N.J. High Court Holds Statute of Limitations for Discrimination Claims Cannot Be Shortened by Contract
Despite the court’s general recognition of a private right to contract, in June 2016, the New Jersey Supreme Court ruled that a provision of a contract shortening the two-year limitations period for bringing a claim under the Law Against Discrimination (“LAD”) was unconscionable.
In Rodriguez v. Raymours Furniture Co., Inc., 2016 WL 3263896 (N.J. June 15, 2016), Plaintiff
Sergio Rodriguez applied for a job with the Defendant Raymours Furniture Company. The employment application he signed contained a provision that stated, “I agree that any claim or lawsuit relating to my service with Raymour & Flanigan must be filed no more than six (6) months after the date of the employment action that is the subject of the claim or lawsuit. I waive any statute of limitations to the contrary.” Rodriguez, a native of Argentina and not proficient in English, claimed he did not understand what he was signing, nor did he understand the terms “waive” or “statute of limitations.”

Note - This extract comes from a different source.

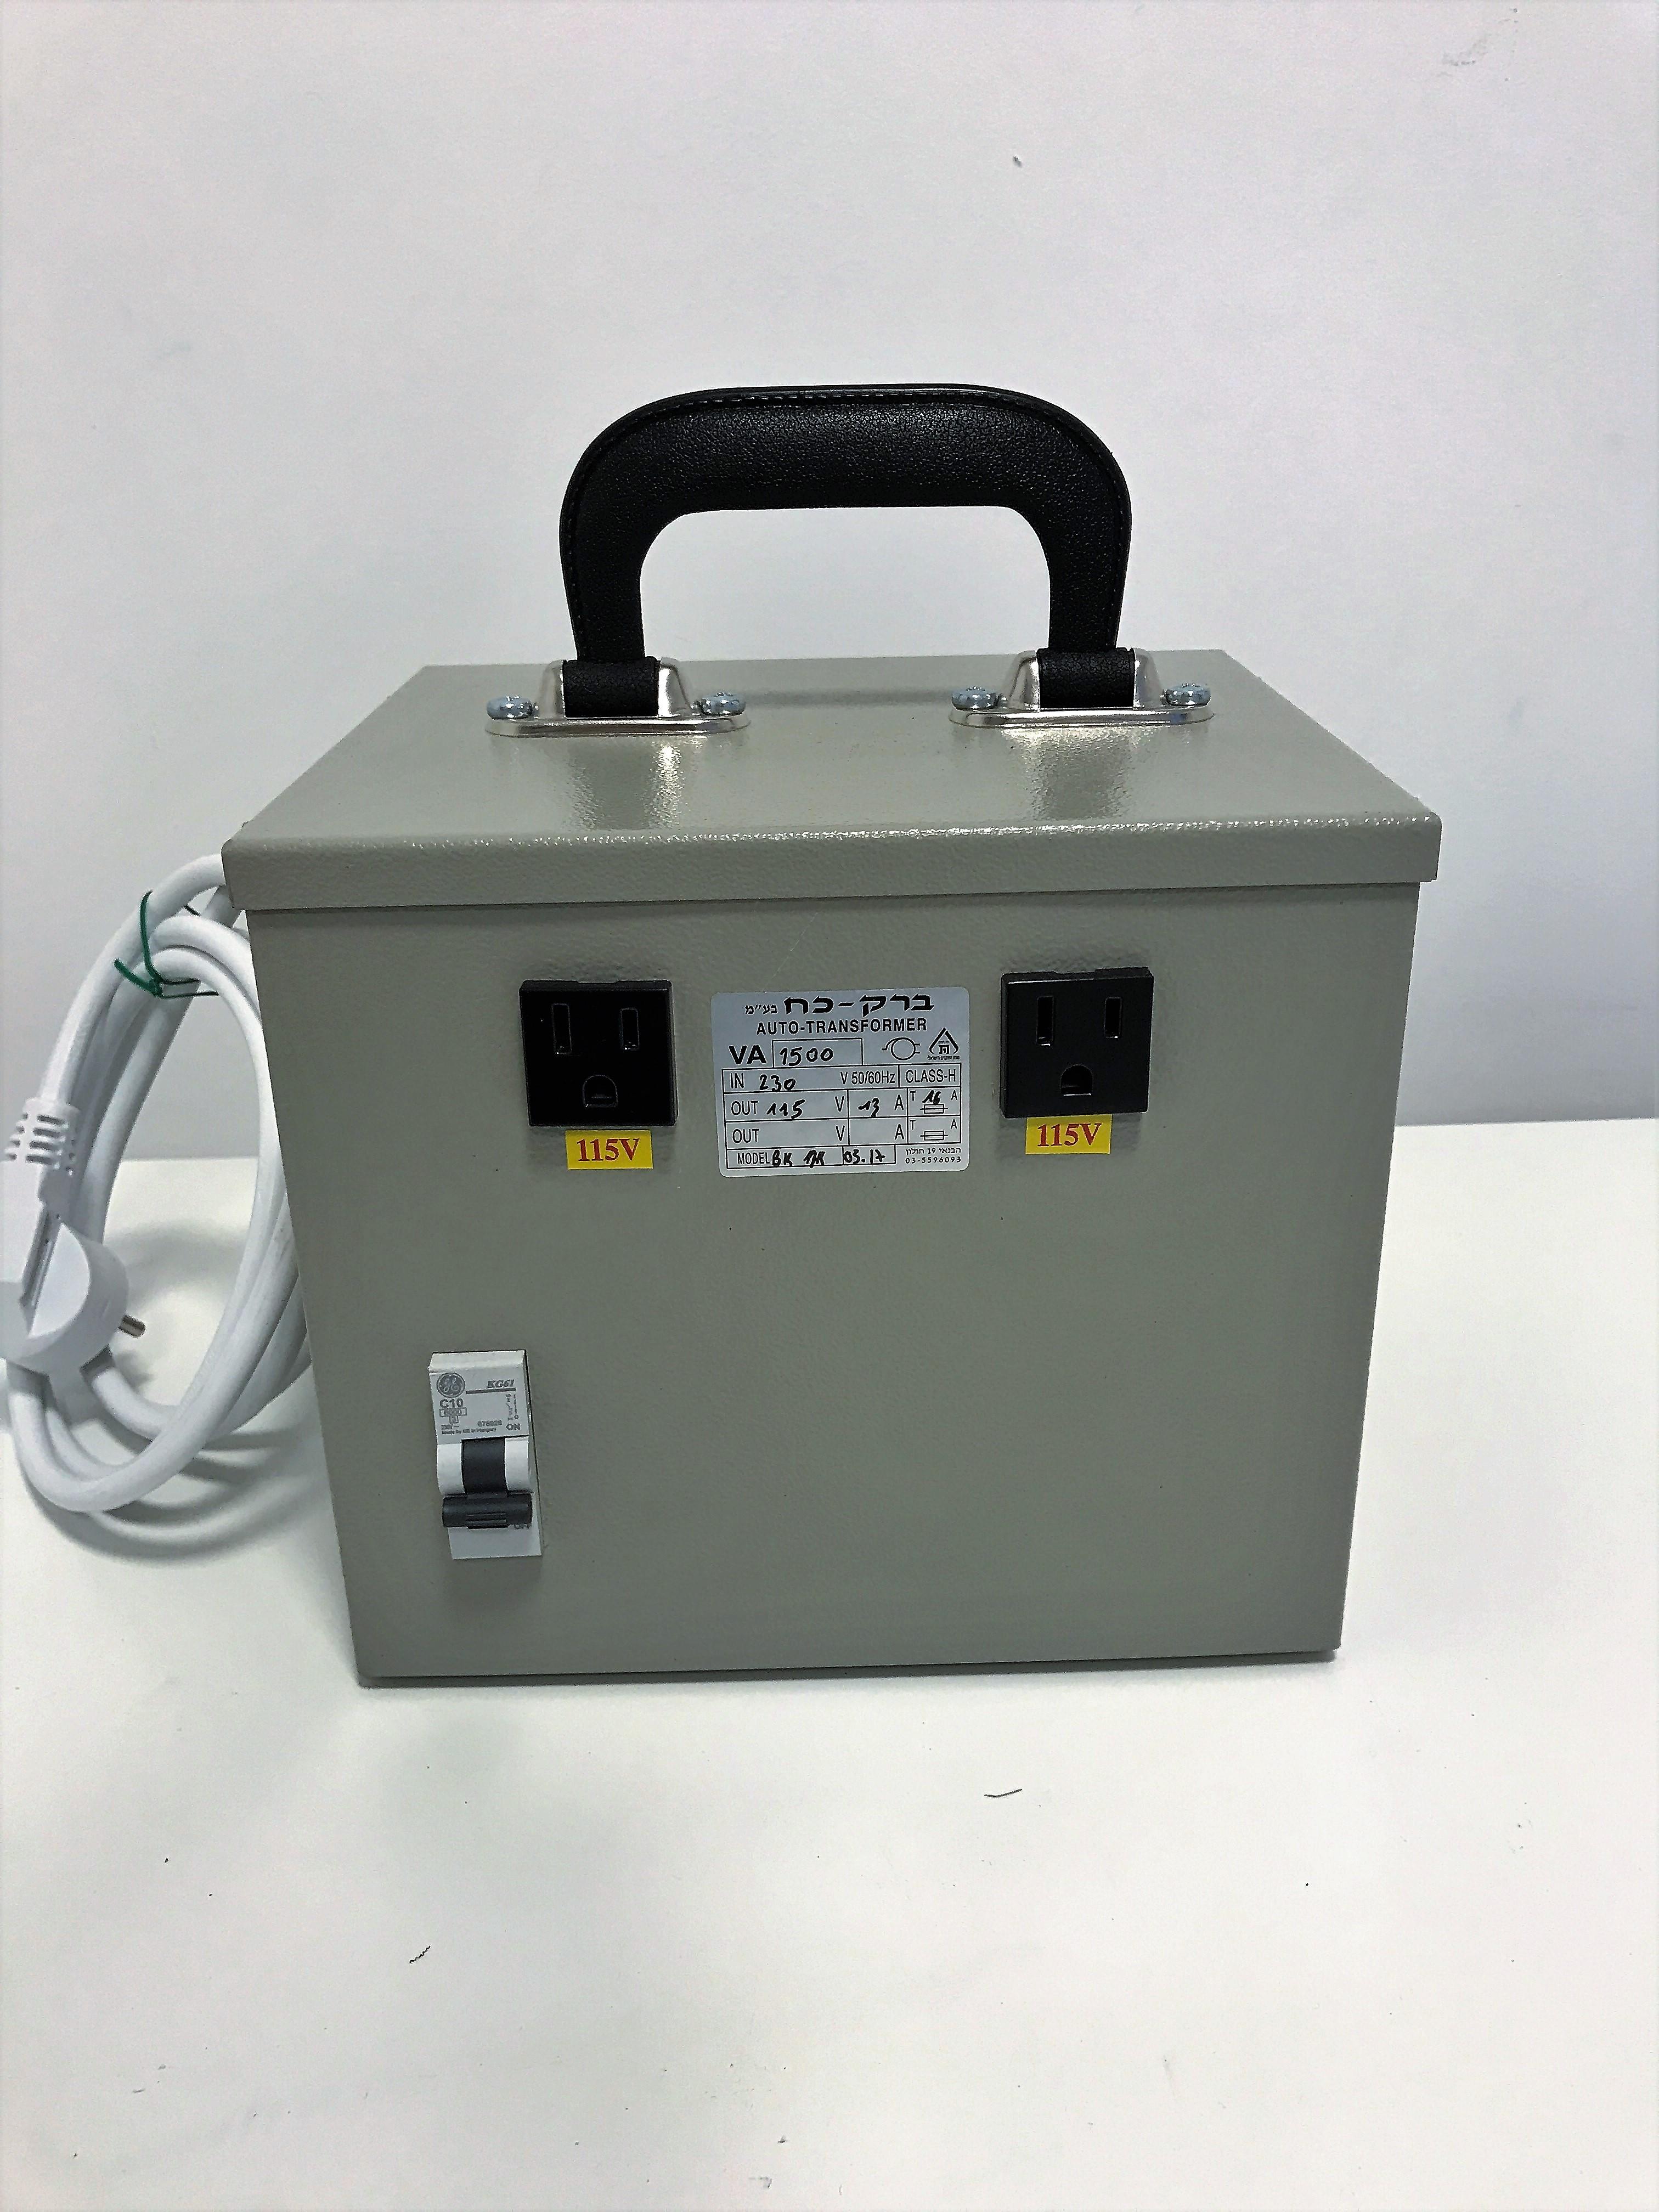 שנאי אוטוטרפו *קומפלט* בהספק 4000VA (למכשיר אמריקאי 115V)
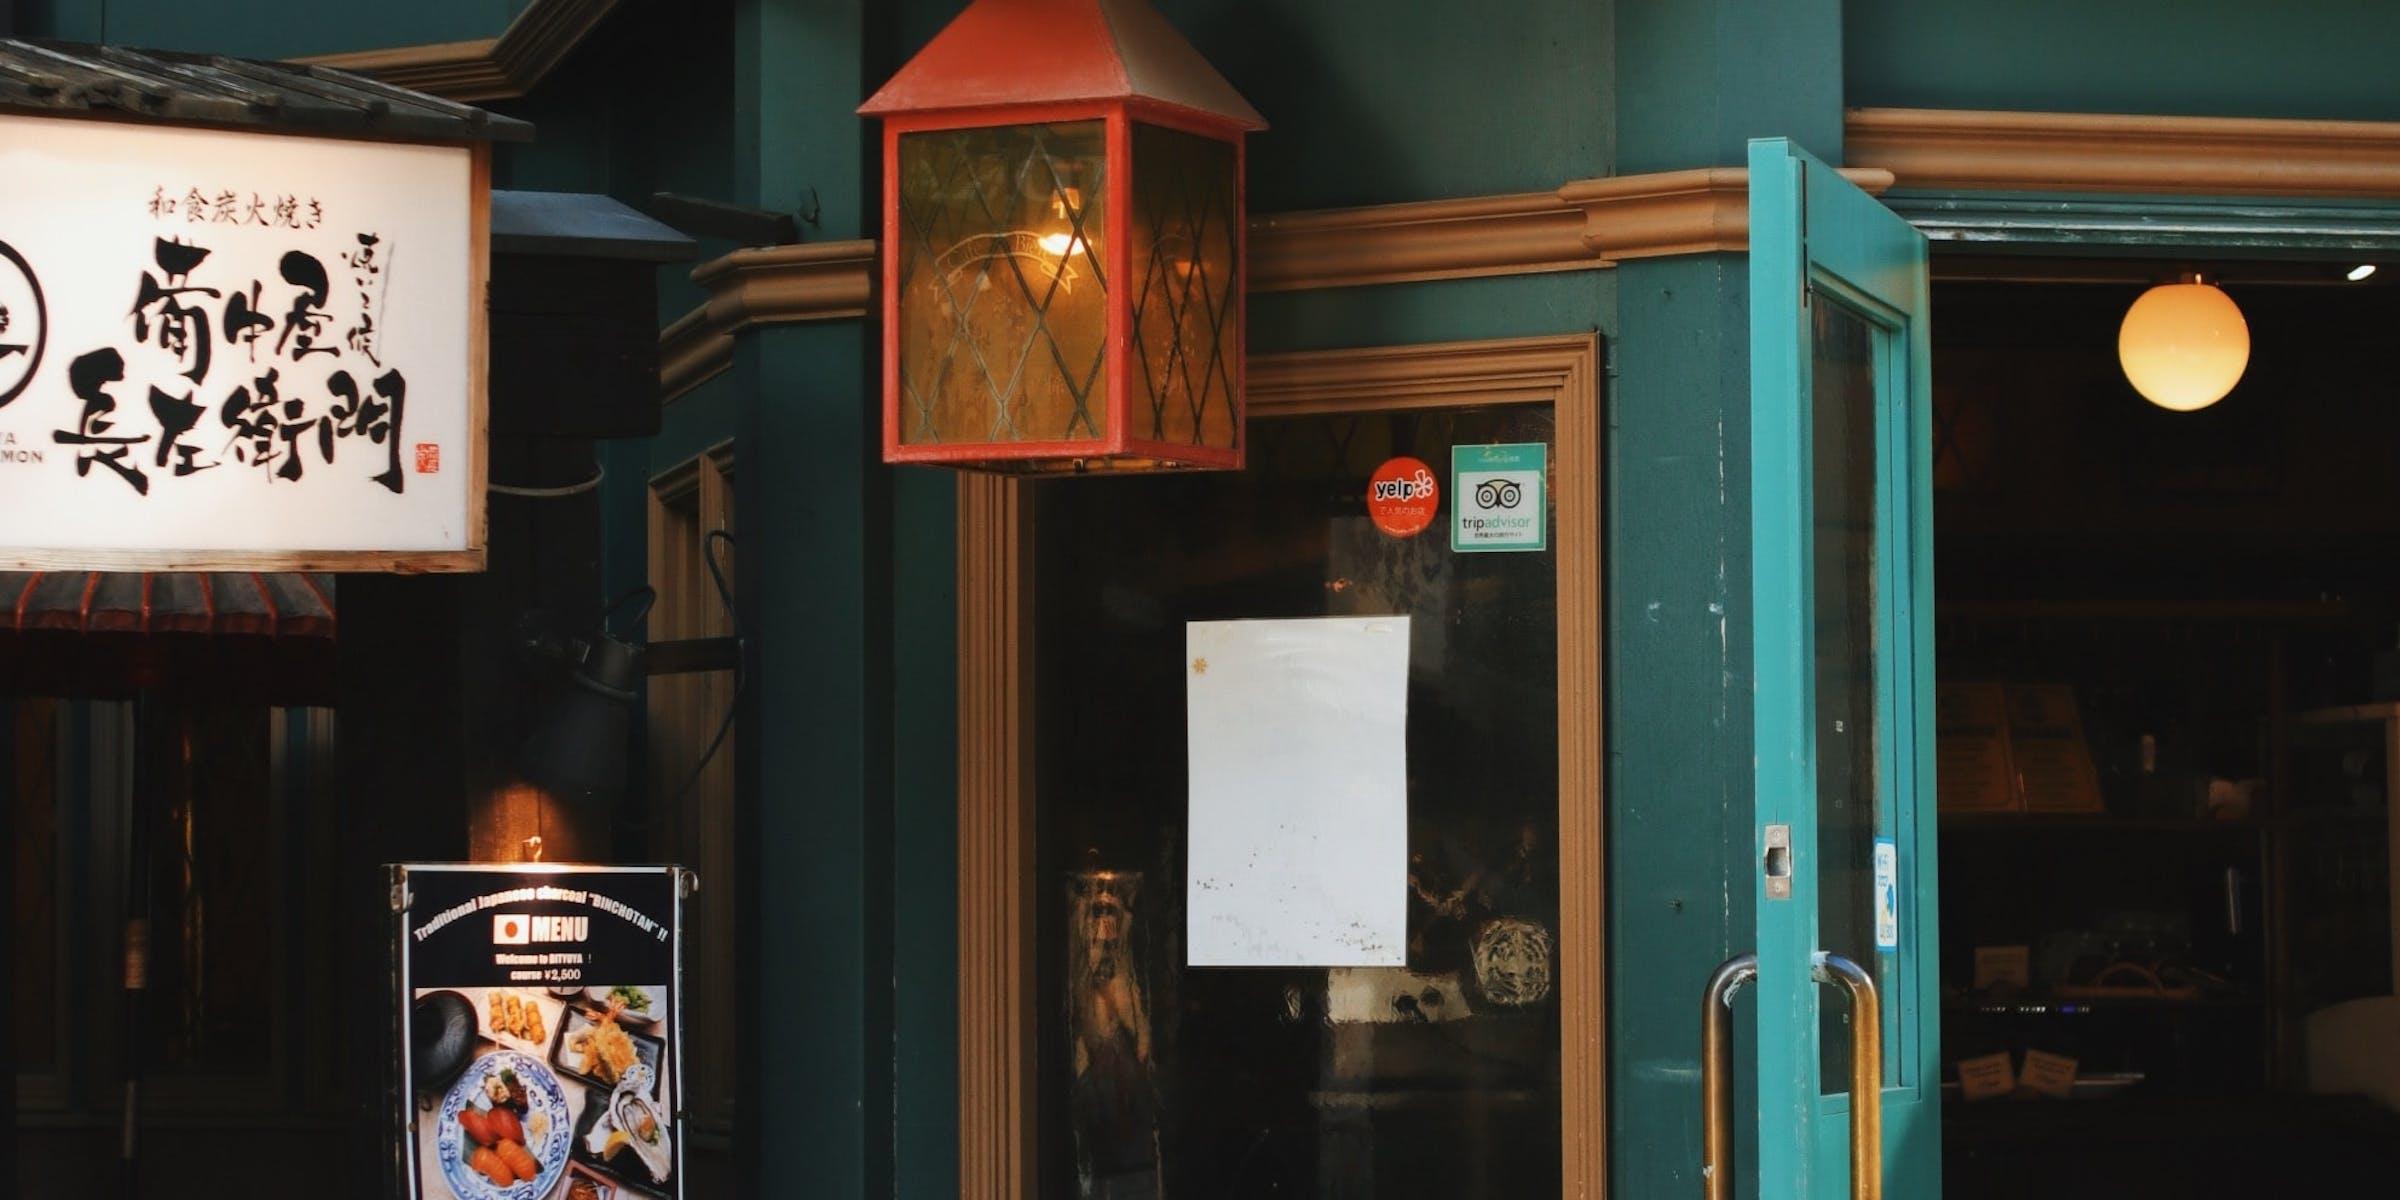 Цифровые вывески на ресторанах

When Rodriguez was laid off from his job, he filed a complaint alleging employment discrimination. The complaint was filed before the two-year limitations period, but after the six-month period stated in the contract. The lower courts found the terms in the application to be clear, concise and not contrary to public policy, and enforced the contract. However, the New Jersey Supreme Court reversed the lower court decision, rendering the contract unconscionable. The Court determined that enforcing these kinds of provisions would undermine the integrity of the LAD statute, effectively eliminating claims, and might compel an attorney to file a premature LAD action. The Supreme Court felt their decision was in the interest of public policy, and would further the “public imperative of eradicating discrimination.”